Reviews

Irish Times writers were at three recent concerts in Dublin:

Irish Times writers were at three recent concerts in Dublin:

Tinney, RTÉ NSO/Maloney

NCH, Dublin

Kevin O'Connell - Four Orchestral Pieces. Rachmaninov - Piano Concerto No 2. Mussorgsky/Ravel - Pictures at an Exhibition.

READ MORE

The Derry-born composer Kevin O'Connell, who turns 50 next year, has always been his own man. His latest orchestral work, an RTÉ commission premièred at the National Concert Hall on Friday, is very much an independent-minded piece or, rather, a set of four pieces.

O'Connell is happy to accept unexpected associations. He's anything but a minimalist, yet what the pulsing start of the first piece, Vestiges might seem to suggest is a minimalist journey.

What it actually offered was more on the lines of a flute tune with varied passing fancies, including some undermining of the minimalist suggestiveness.

Slattar, which followed, took off with an uneven galumphing which is distantly related to Norwegian folk music.

Conductor Gavin Maloney's modernist approach to the writing seemed to work best in the first two pieces, rather than in the third, Tubilustrium, (a memorial for fellow-composer Minna Keal), or the last, Prelude with Carillon, a scherzo, which O'Connell regards as "one of the toughest tests for a composer".
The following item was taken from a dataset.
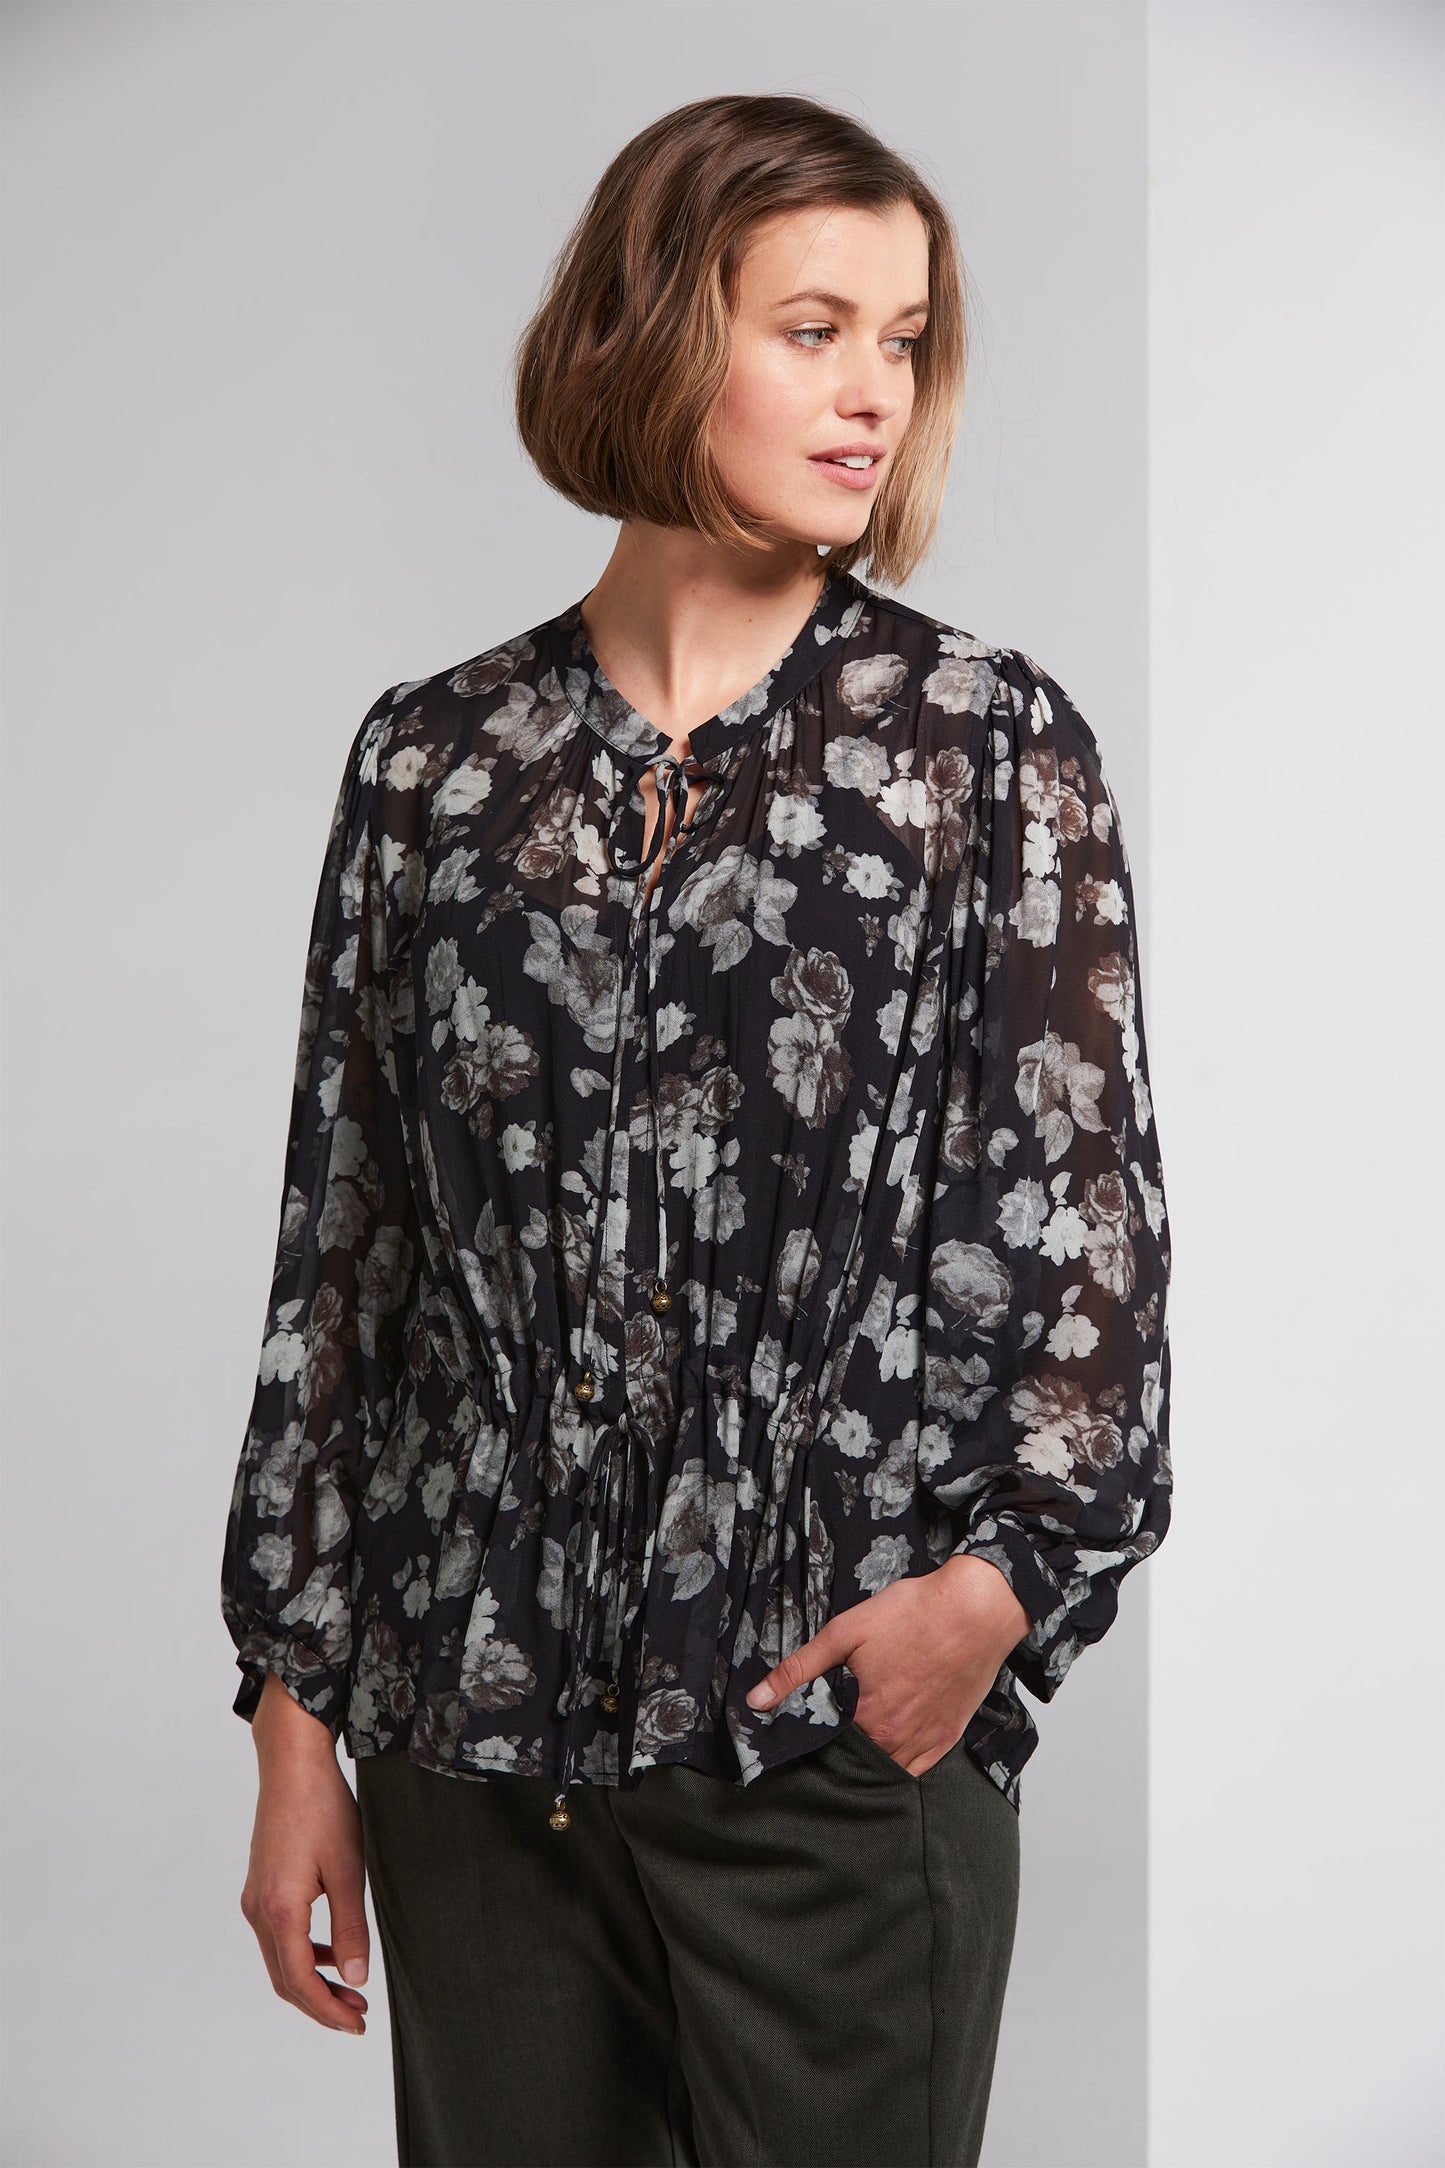 LANIA STIRLING SHIRT - STIRLING PRINT - THE VOGUE STORE
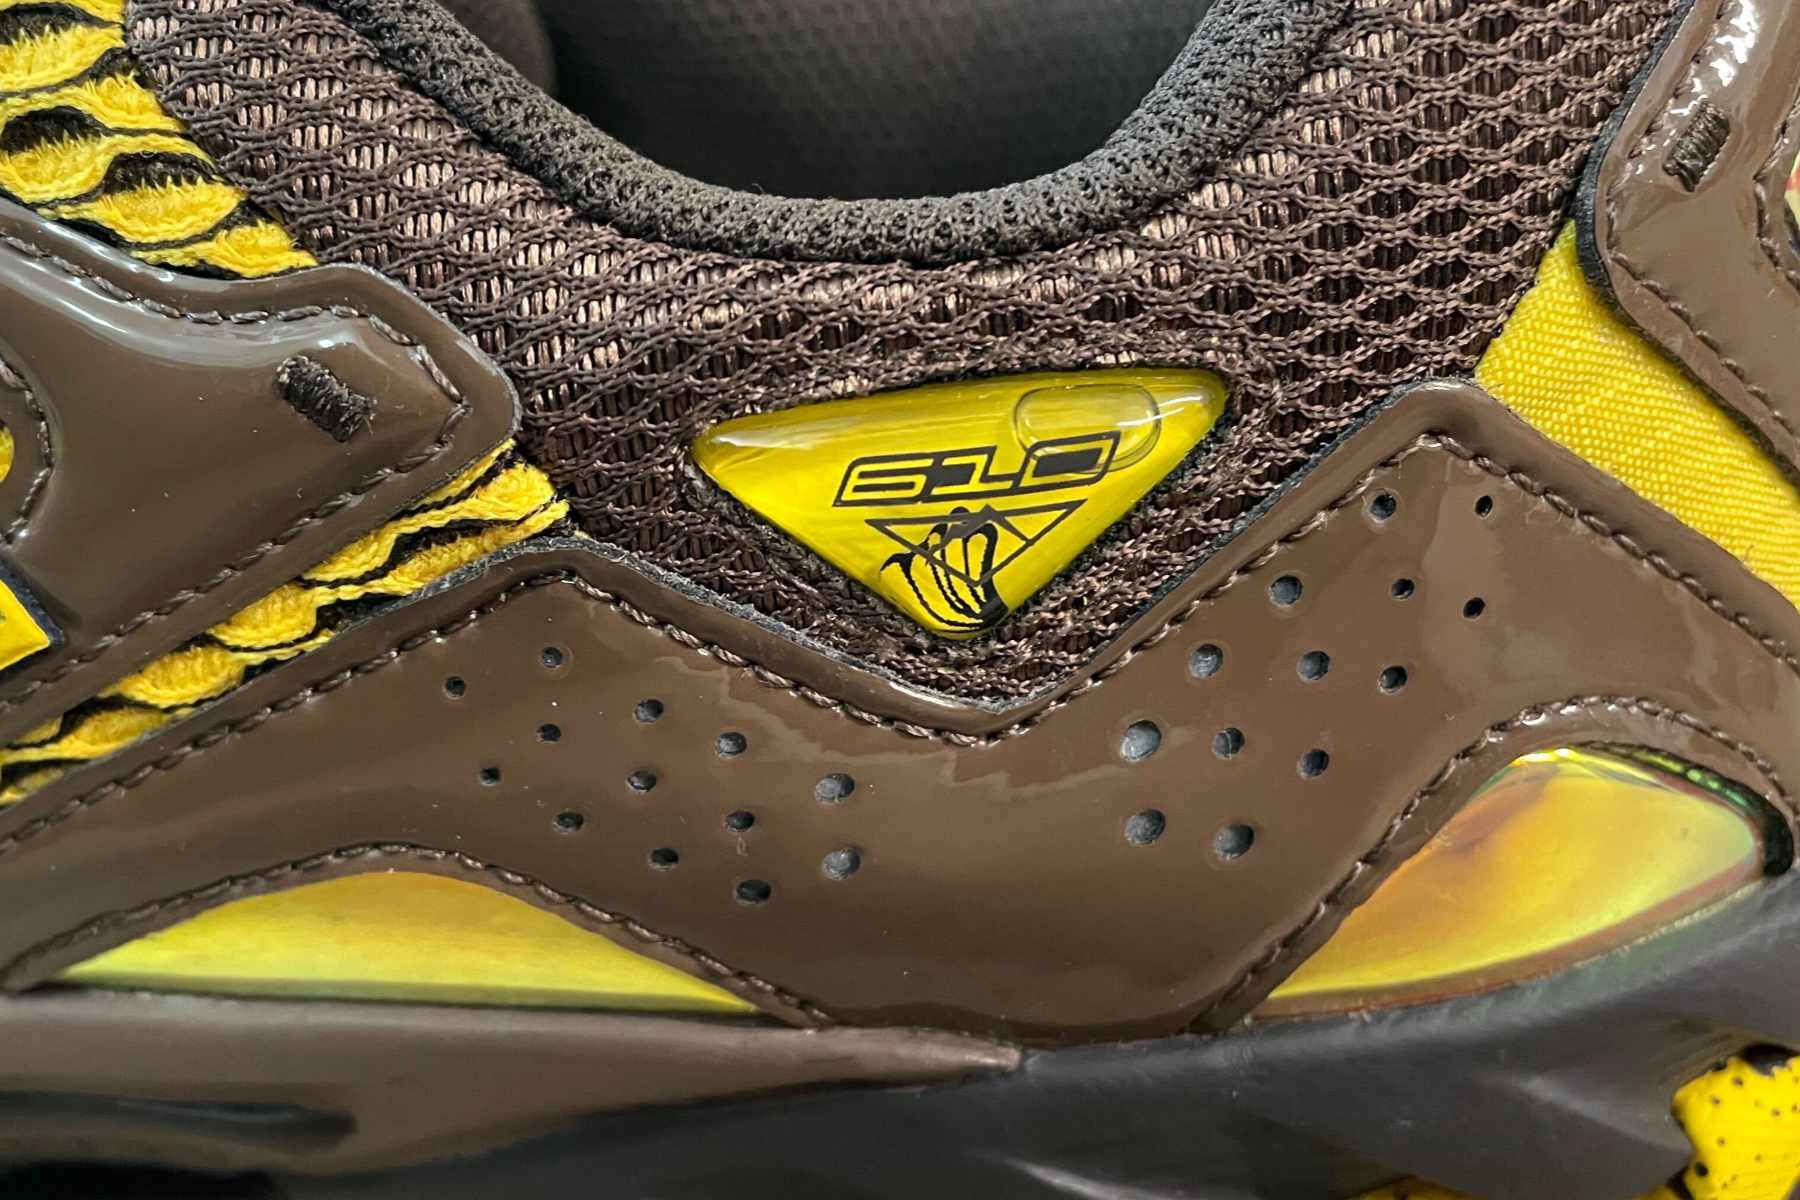 Amine's New Balance shoe collab, "The Mooz," seen in detail photo of "610" branding and banana

Maloney strode fearlessly through the big tunes of Rachmaninov's Second Piano Concerto and soloist Hugh Tinney brought many touches of observant individuality to the florid patterns of the piano writing.

The two men did not always agree on the detail of rubato, and Tinney's handling of the slow movement was cool enough to ensure no hearts would melt. But the music-making lacked nothing in spirit at the other end of the scale, there was plenty of excitement on offer and the audience was delighted.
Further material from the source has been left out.